== Recorded information ==
# # # # # # #

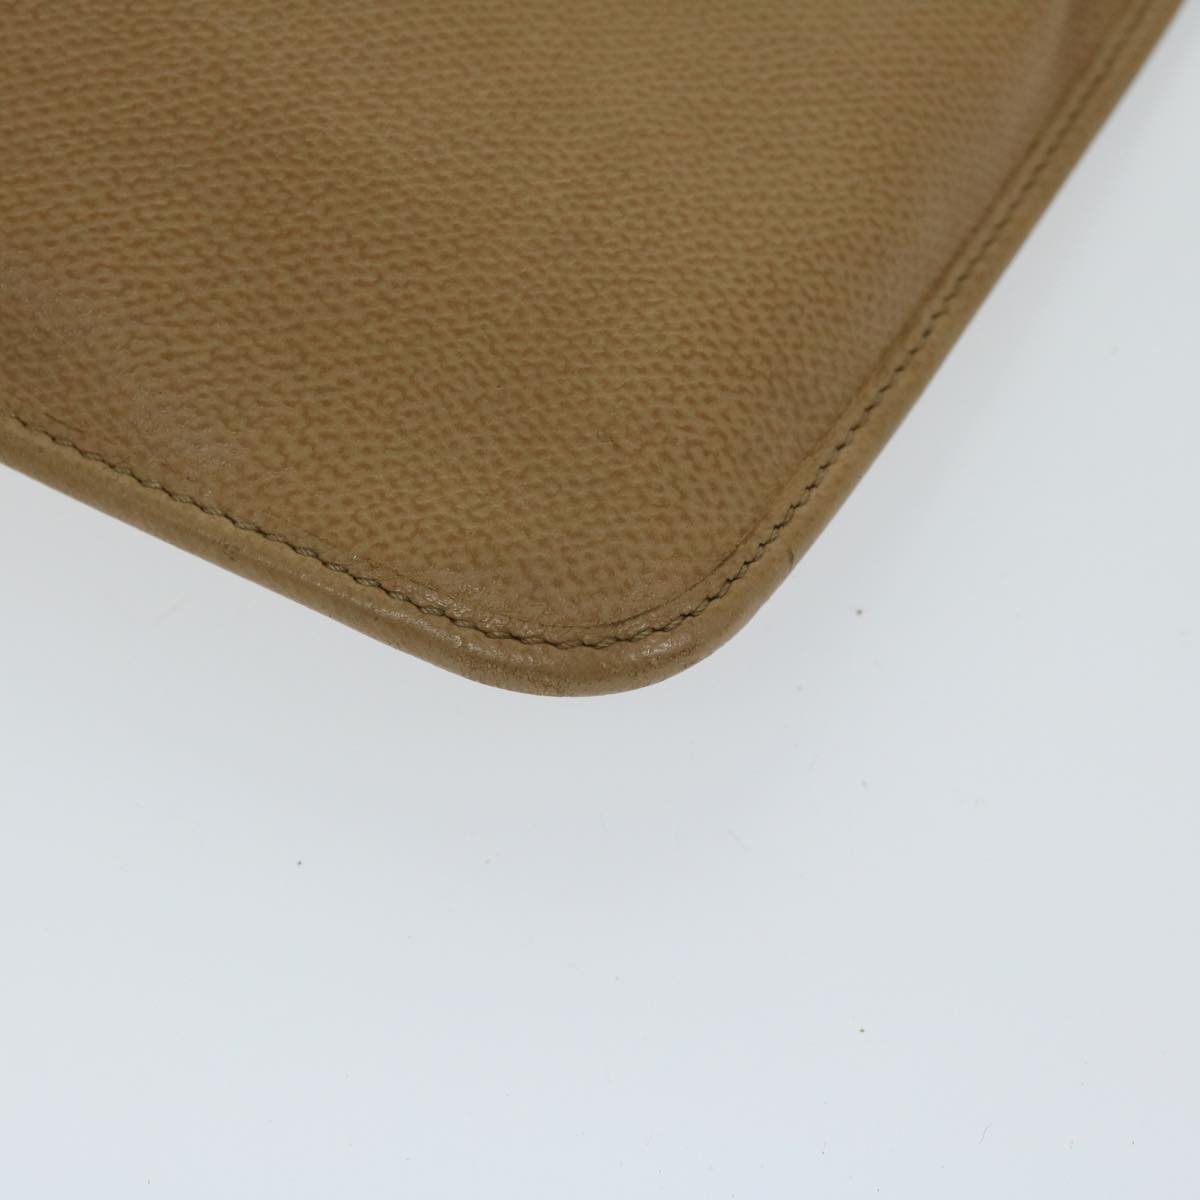 SAINT LAURENT Shoulder Bag Leather Beige Auth ar11525
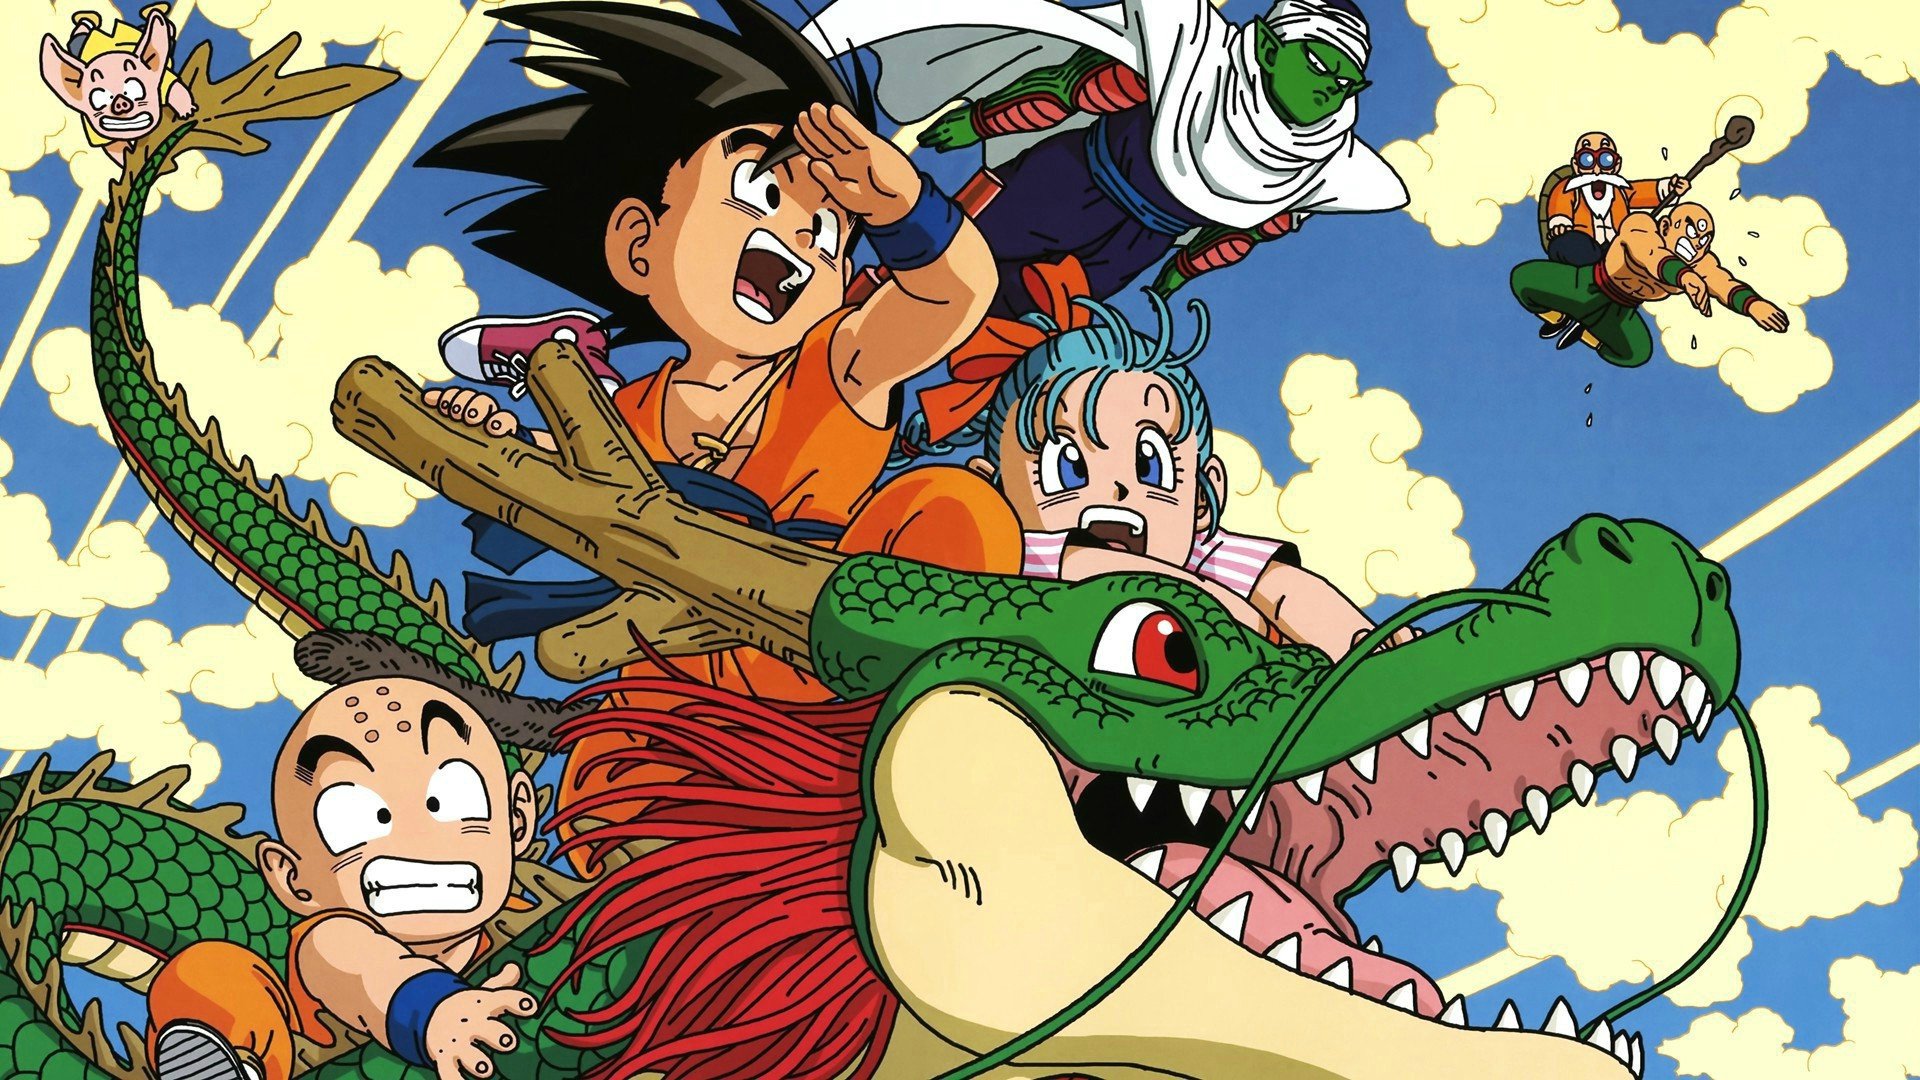 Goku là anh hùng được yêu thích nhất trong series Dragon Ball Z, và chúng tôi đã sưu tập những hình nền độc đáo để bạn cùng chiêm ngưỡng. Với mỗi thiết kế, bạn sẽ được thấy Goku trong những khung cảnh hấp dẫn như chiến đấu với đế chế Frieza, hợp nhất với Vegeta và nhiều hình ảnh khác đầy màu sắc và sức sống.
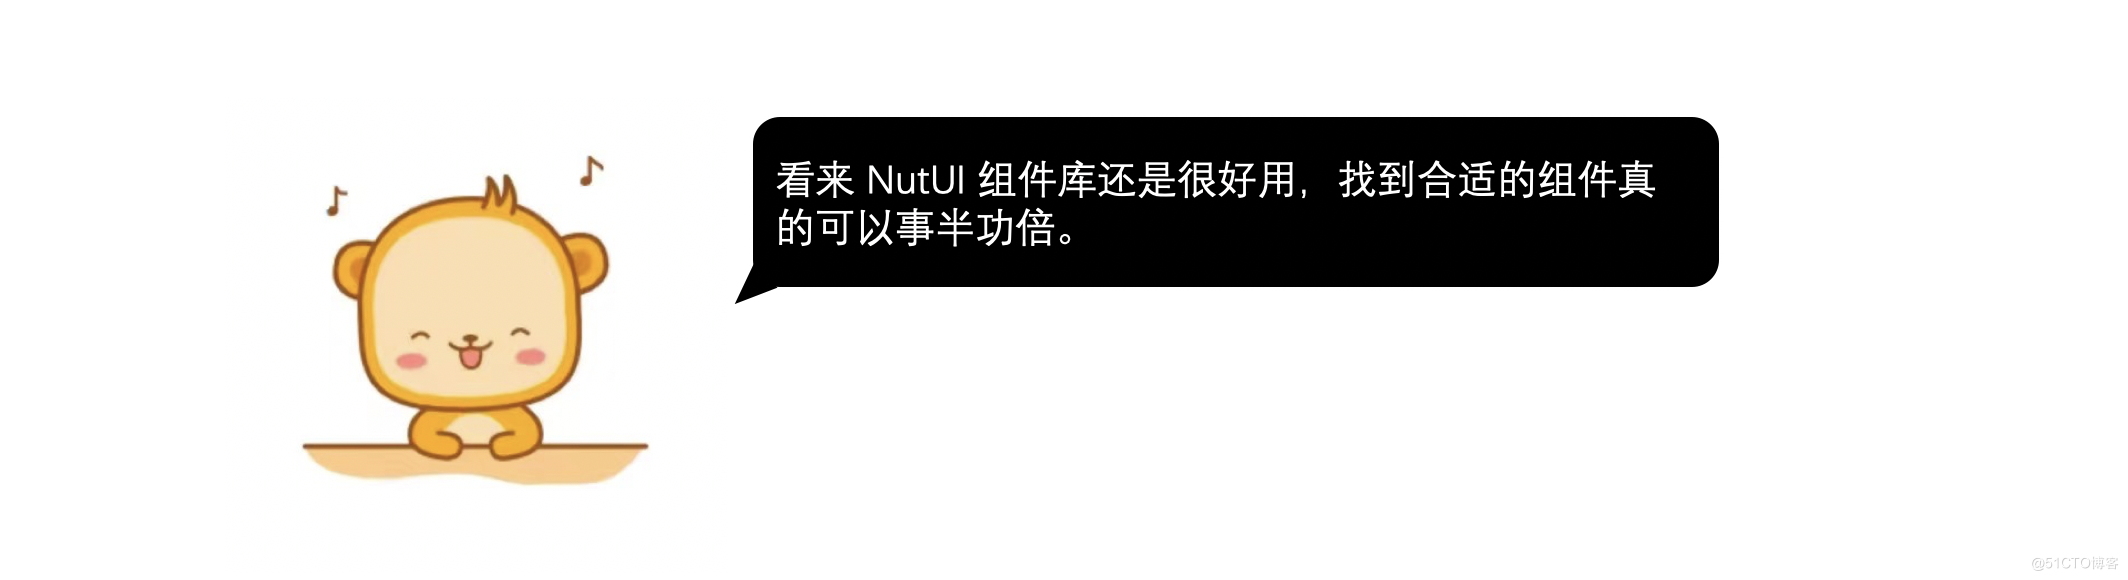 金先生的 NutUI3 初体验_NutUI_08

# # # # # # #

== Exercise goal ==
Omit the pictures and output all of the other material exactly.

== Finished exercise ==
 SAINT LAURENT Shoulder Bag Leather Beige Auth ar11525
 Goku là anh hùng được yêu thích nhất trong series Dragon Ball Z, và chúng tôi đã sưu tập những hình nền độc đáo để bạn cùng chiêm ngưỡng. Với mỗi thiết kế, bạn sẽ được thấy Goku trong những khung cảnh hấp dẫn như chiến đấu với đế chế Frieza, hợp nhất với Vegeta và nhiều hình ảnh khác đầy màu sắc và sức sống.
 金先生的 NutUI3 初体验_NutUI_08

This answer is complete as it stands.